Our statistics contained 4,814 records, over a duration of one and a half years, obtained from the Pudong Mental Health Center, which is a mental health specialist hospital located in Shanghai and has professional medical teams. Thus, our data is reliable and represents the practical use of these questionnaires in a real Chinese psychiatrist outpatient clinic environment.

Self-reported SCL-90, clinician-related HAM-A, and HAM-D are all widely used mental questionnaires in China, which are reported to have great potency in screening mental health, diagnosing, and estimating mental illness (22–24). In China, previous studies on SCL-90 focused primarily on students, doctors, nurses, police, and migrant workers, among others (24–27). All three scales were mostly used as tools to evaluate the severity of certain symptoms in a specific patient or in the normal adult group. Although they cannot directly diagnose mental disorders (28), as widely used testing tools in clinics, its value in enabling doctors make better and quicker diagnoses needs to be further explored.

Unlike previous studies, we conducted wide and comprehensive analyses on the use of these three scales in outpatient clinics, mainly focusing on whether there were significant differences in the item scores between different mental illnesses. Our aim was to evaluate whether these questionnaires could provide valuable score differences to help doctors discriminate between different mental illnesses.

As mentioned in our results, females generally had higher subscale scores than males. Compared to males, females tended to have higher levels of anxiety, sleep disorders, and somatization symptoms. In addition, people in early adulthood showed more severe symptoms than those in other age groups. These results are consistent with those of the report from the World Health Organization (WHO), which indicates that globally, young people and women are more easily affected by economic and social events, especially considering the recent COVID-19 pandemic. The results of a previous study on psychological symptoms in Chinese citizens (29) support this view. These findings revealed that when doctors use the scales as auxiliary diagnostic tools, they should consider the differences between different age and gender groups.

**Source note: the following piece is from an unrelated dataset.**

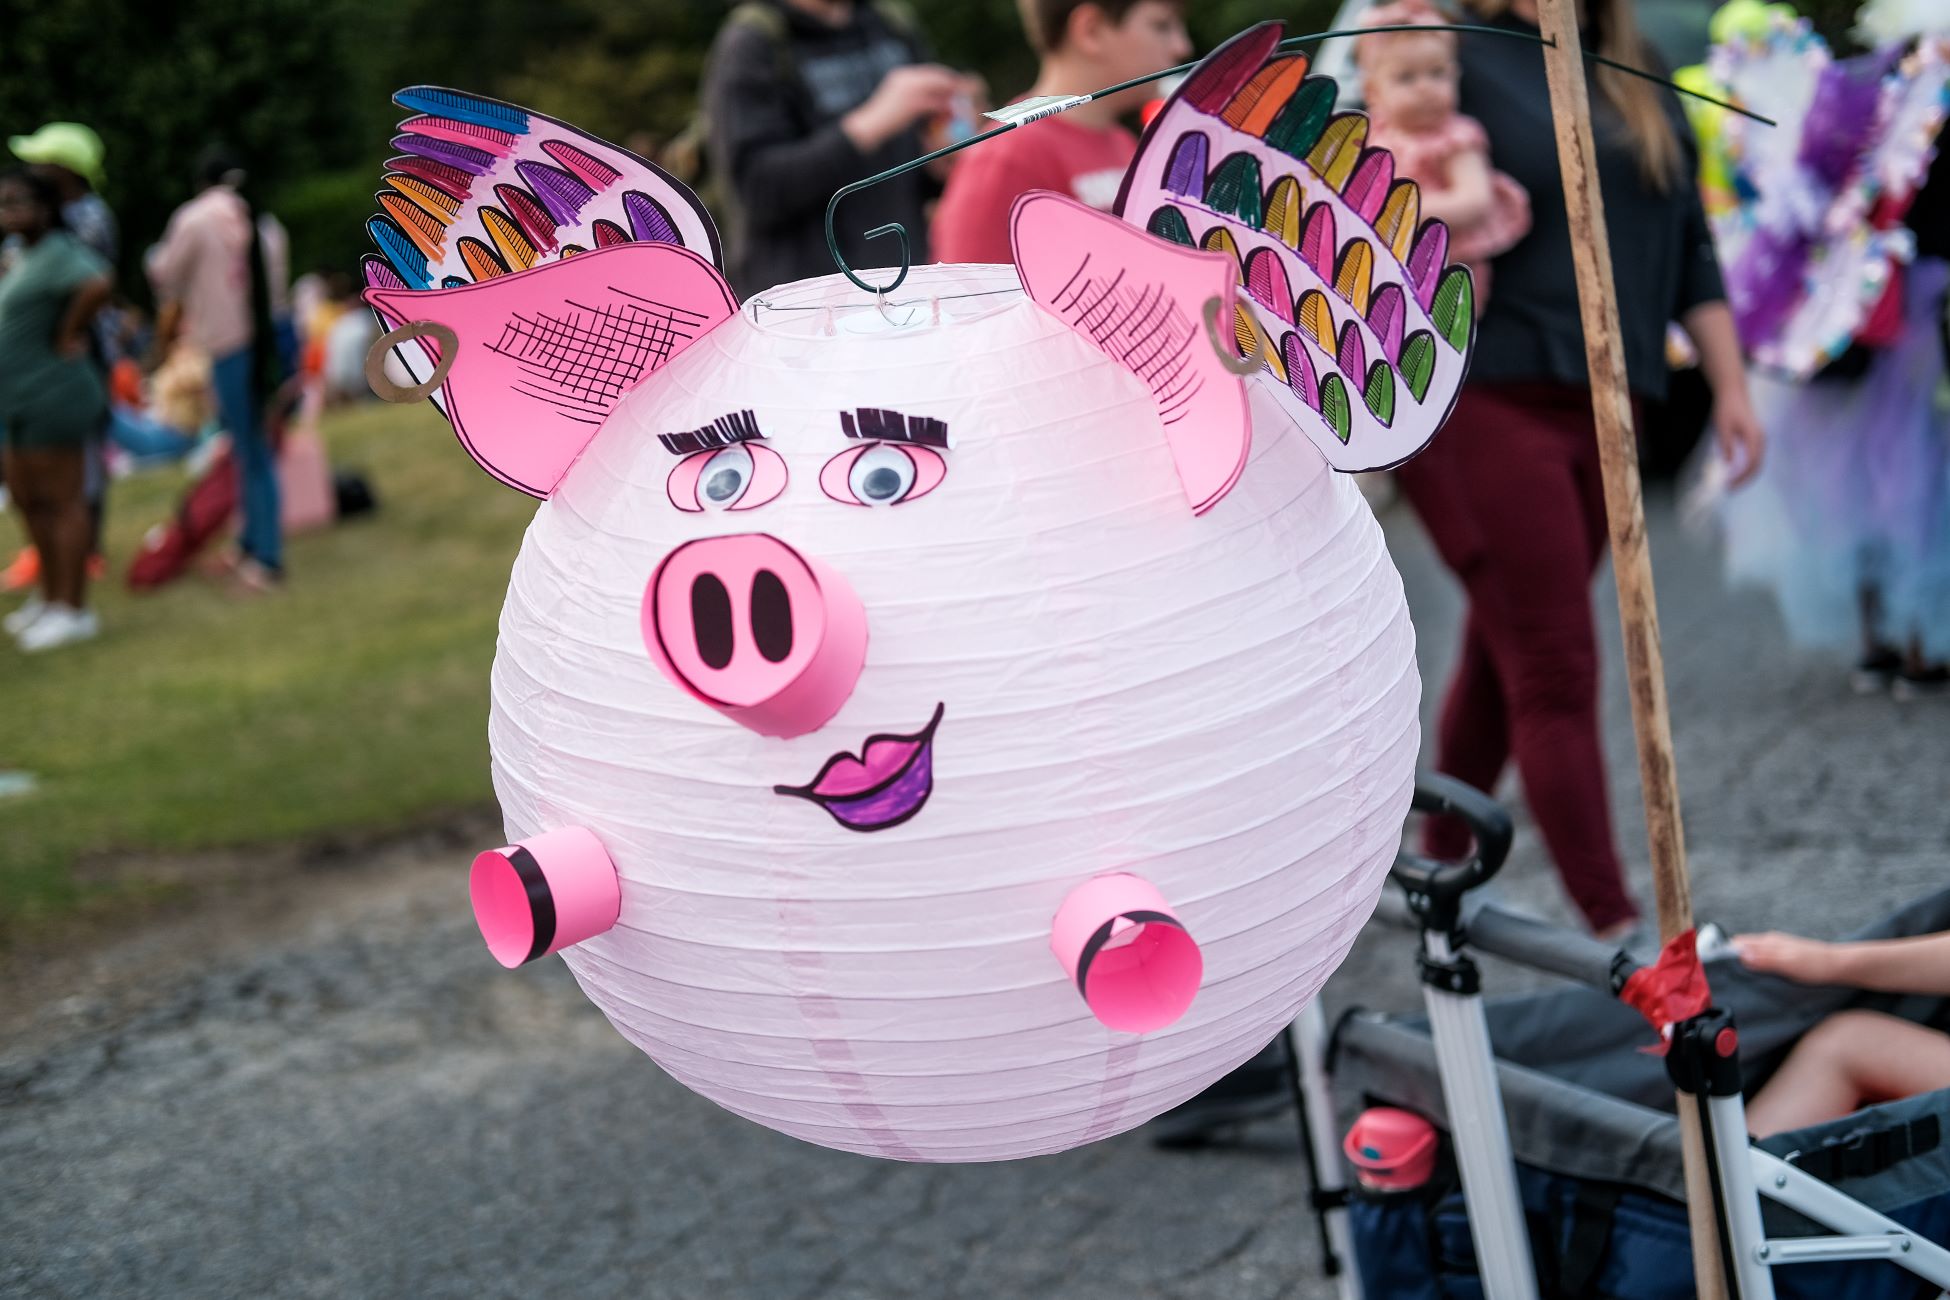 A finished Lantern-Making Kit, resembling a flying pig

We performed the Mann–Whitney U test between the item scores of SCL-90, HAM-A, and HAM-D in anxiety disorder, depressive disorder, bipolar disorder, and schizophrenia, and found no significant differences. Considering the significant differences of the subscales scores between age and gender groups, we adjusted age (as continuous variables) and gender (divided into “male” and “female”) factors as covariates and conducted Kendall's tau coefficient of partial correlation, but the positive results were inadequate, except the weight and daily change subscales of HAM-D, which demonstrated that the use of these scales as auxiliary tools for facilitating doctors to differentiate different mental illnesses and make accurate diagnoses may be limited.

While we confirmed that the univariate subscale scores have no statistical significance among anxiety disorder, depression disorder, bipolar disorder, and schizophrenia, there are no features or patterns that can be extracted from the combination of item scores of SCL-90, HAM-A, and HAM-D that can be used for differential diagnosis. Therefore, we conducted a trial using ML models to evaluate the diagnostic effects of these scales.

As the AUC_macro of all scales was approximately 0.5, we found that there was no predictive value in all the scale scores. However, the AUC_micro values were relatively higher, and most of them were close to 0.7, indicating a small degree of classification accuracy. The classification abilities of these scales differed according to disease category. In HAM-A, anxiety can be identified with an AUC of 0.56, whereas bipolar disorder can be recognized using HAM-D with an AUC of 0.60. All the diseases could be slightly distinguished using SCL-90.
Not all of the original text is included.